- Location: Handan, Hebei, China
- Date: 17 November 1980 – 18 November 1980 c. 21:00 – c. 3:00 (CST)
- Attack type: Mass shooting, grenade attack
- Weapons: Light machine gun Rifles Pistol Hand grenades
- Deaths: 7
- Injured: 12
- Perpetrator: Wang Xiwen

= 1980 Handan murders =

Shooting and grenade attack in Hebei, China

On the night of 17 November 1980, a mass shooting and grenade attack took place in Handan, Hebei, China. Seven people were killed and twelve others were injured before the perpetrator, 32-year-old police officer Wang Xiwen, was arrested.

Wang was sentenced to death in May 1981 and executed a month later.

==Shooting==
In the evening of 17 November 1980, Wang entered the North Sucao police station in Congtai district. Inside, he broke into the office of deputy director Song Tiefa (宋铁法) and director Li Qingsheng (李庆生), where he pried open a drawer and stole a pistol, 25 rounds of ammunition, ¥200, and ration stamps worth 300 jin of grain. Wang fired eleven gunshots inside the office, destroying a ceramics bust of Mao Zedong, a television set, as well as portraits of Mao, Karl Marx, Friedrich Engels, Vladimir Lenin, Joseph Stalin, Zhou Enlai, and Zhu De. Upon exiting the police station, Wang fired gunshots at passersby on the street to intimidate them, injuring two people. He then unsuccessfully attempted to gain entrance to the home of Criminal Investigation Squad captain Wang Denghai (王登海) to obtain another pistol.

Wang fled the initial scene by climbing a fence into the courtyard of the Hexi production brigade headquarters, where he broke into the armory of the second brigade in the north of Handan, where he stole a light machine gun, four or eight rifles, 28 hand grenades, and a total of 2,700 rounds of ammunition, which he placed into the yard of the building. For the next six hours, he ran through the streets firing the rifles and throwing grenades indiscriminately, occasionally entering houses to attack residents. Wang periodically returned to the armory in between to restock his arms supply. During this time, Wang also damaged another television set and a transformer. Wang was arrested in the early morning by police with the aid of civilian helpers. In total, 460 rounds were fired and 26 grenades were detonated.

===Casualties===
Six people were dead at the scene while another died at the hospital. Twelve others were injured, five of them seriously. Additionally, two pigs were killed.
- Li Liuzhu (李留柱), captain of Sucao second brigade
- Guo Huimin (郭会民), temporary cooperative worker
- Lu Yingkui (路英奎), miner
- Guo Qingxuan (郭清选), member of Sucao second brigade
- Li Fushan (李付善), factory worker
- Hu Peihua (户培花), factory worker
- Du Xinmen (杜新民), power plant worker, died at a hospital

== Perpetrator ==
Wang Xiwen () was a member of the Handan municipal public security sub-bureau, serving as an officer for Sucao township. He had most recently been promoted to brigade militia company commander and vice chairman of the brigade revolutionary committee. Wang was said to have become resentful when he lost the latter position, because he and his wife Hao Jinfang (郝金芳) did not adhere to the one-child policy.

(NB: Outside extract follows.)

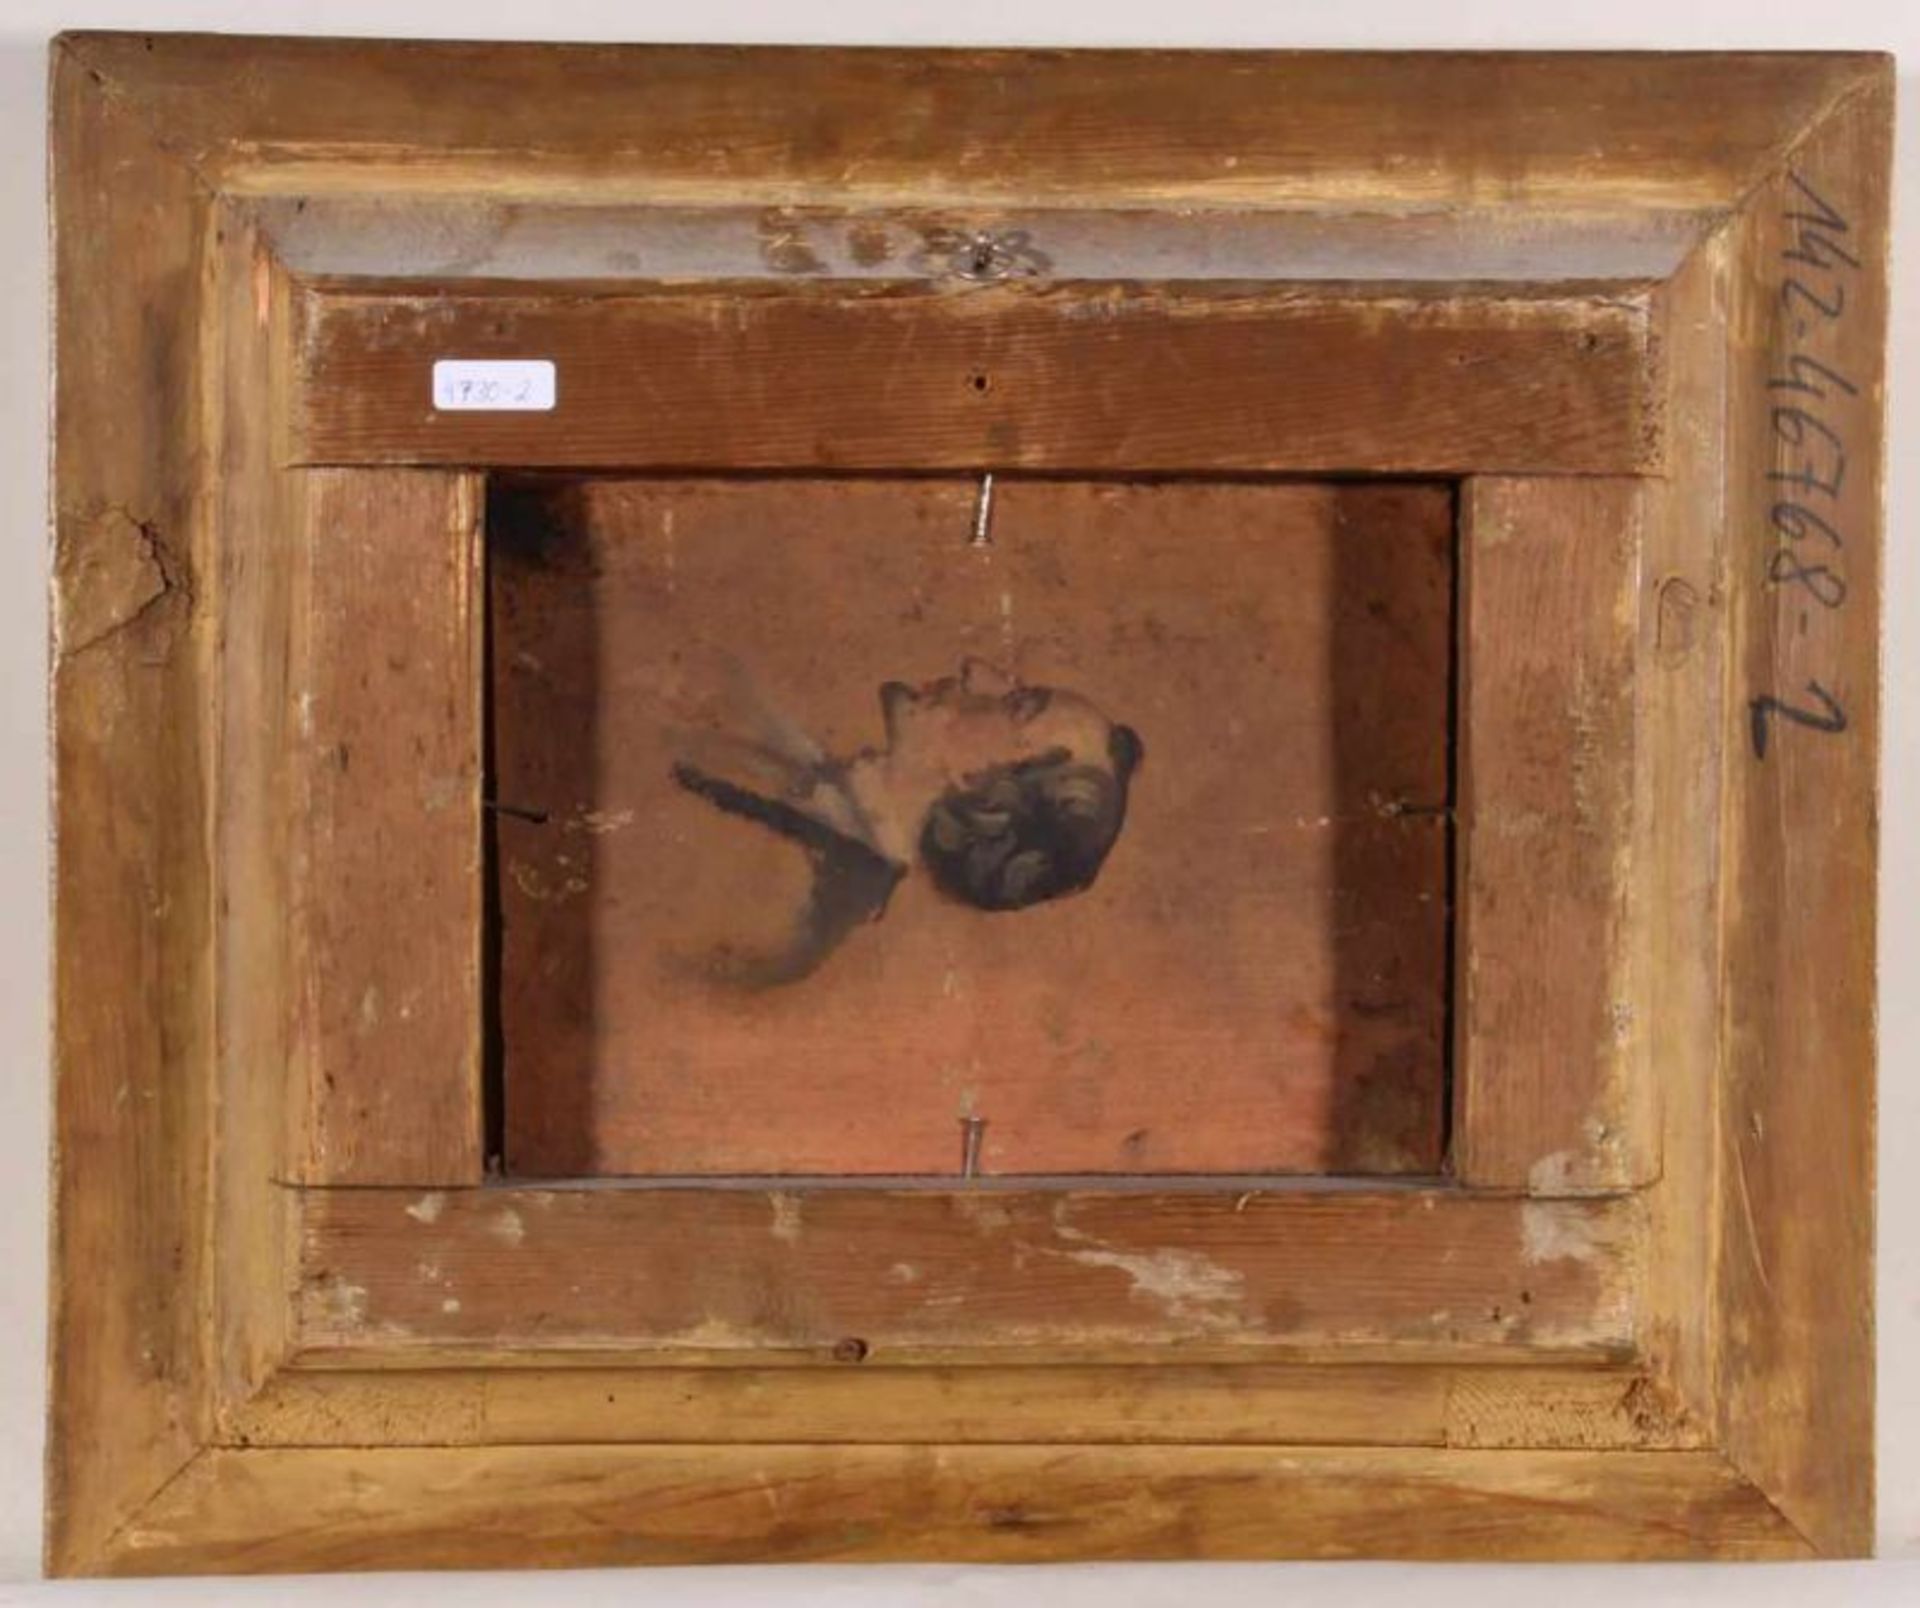 Unbekannter Maler (19. Jh.), "Eislaufvergnügen", Öl auf Holz, 18 x 24 cm, verso Porträtstudie 20. - Image 3 of 3

Wang, who was also a member of the Chinese Communist Party (CCP), was a follower of Lin Biao and the Gang of Four, advocated their policies and criticized the leaders of the CCP after the third plenary session of the 11th Central Committee of the Chinese Communist Party in 1978. The trial of the Gang of Four was set to commence a few days before the attack.

==Investigation==
After the investigation of the crime by the Handan City Public Security Bureau was completed the case was transferred to the Handan Prefectural Intermediate People's Court on 13 January 1981. Prosecution began on January 21, but due to insufficient evidence the case was returned to the Handan Procuratorate on February 20.

After an additional investigation, the case was again transferred to the Handan Prefectural Intermediate People's Court on 26 March, and on 9 April, 1981, Wang was convicted of counter-revolutionary murder (a form of premeditated homicide in tandem with counter-revolutionary activities). On 13 April, he was given a death sentence. Wang filed an appeal against the verdict, claiming that he had been insane at the time, and so the case was transferred to the Hebei Provincial Higher People's Court on 21 April which sent Wang to a psychiatric hospital in Baoding for examination, where he was eventually found to be legally sane. On 9 May, the judicial committee decided to maintain Wang's conviction, and on 13 May, the case was transferred to the Supreme People's Court to review the verdict, which was approved on 26 May.

=== Execution ===
In the morning hours of 10 June, Wang's conviction was upheld by the Handan Prefectural Intermediate People's Court, as well as the Handan Municipal People's Court in a public trial at the Handan Municipal Stadium. Immediately after his appeal was dismissed Wang was blindfolded, bound to a pole and executed by a firing squad in front of a crowd of 50,000 people.